The financial risk profile continues to be strong with comfortable capital structure despite the ongoing debt-funded capital expenditure (capex), and with adequate liquidity backed by unutilised bank limits and healthy cash and bank balance of around Rs 482 crore as of December 2025.

 

The ratings reflect the group’s established position in manufacturing plastic components for the consumer durable goods industry, diverse product profile along with well-established clientele and  strong financial risk profile.
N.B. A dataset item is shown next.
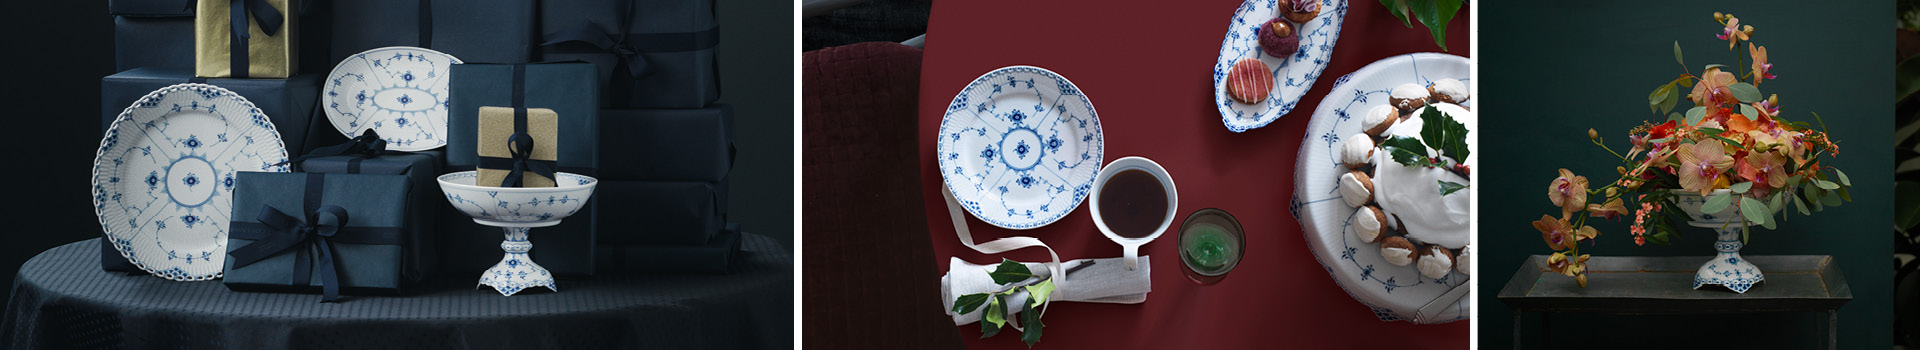 Royal-Copenhagen-Blue-Fluted-halflace-Musselmalt-Riflet-halvblonde-d.jpg

These strengths are partially offset by exposure to intense competition in the consumer electronics segment and large working capital requirement.

Analytical approach

Crisil Ratings has combined the business and financial risk profiles of PGEL and its 100% subsidiaries, Pg Technoplast Pvt Ltd (PGTPL) and PG Plastronics Pvt Ltd (PGPPL). The entities, collectively referred to as the PG group, are under common management, same line of business and have operational and financial linkages.

 

Please refer Annexure - List of Entities Consolidated, which captures the list of entities considered and their analytical treatment of consolidation.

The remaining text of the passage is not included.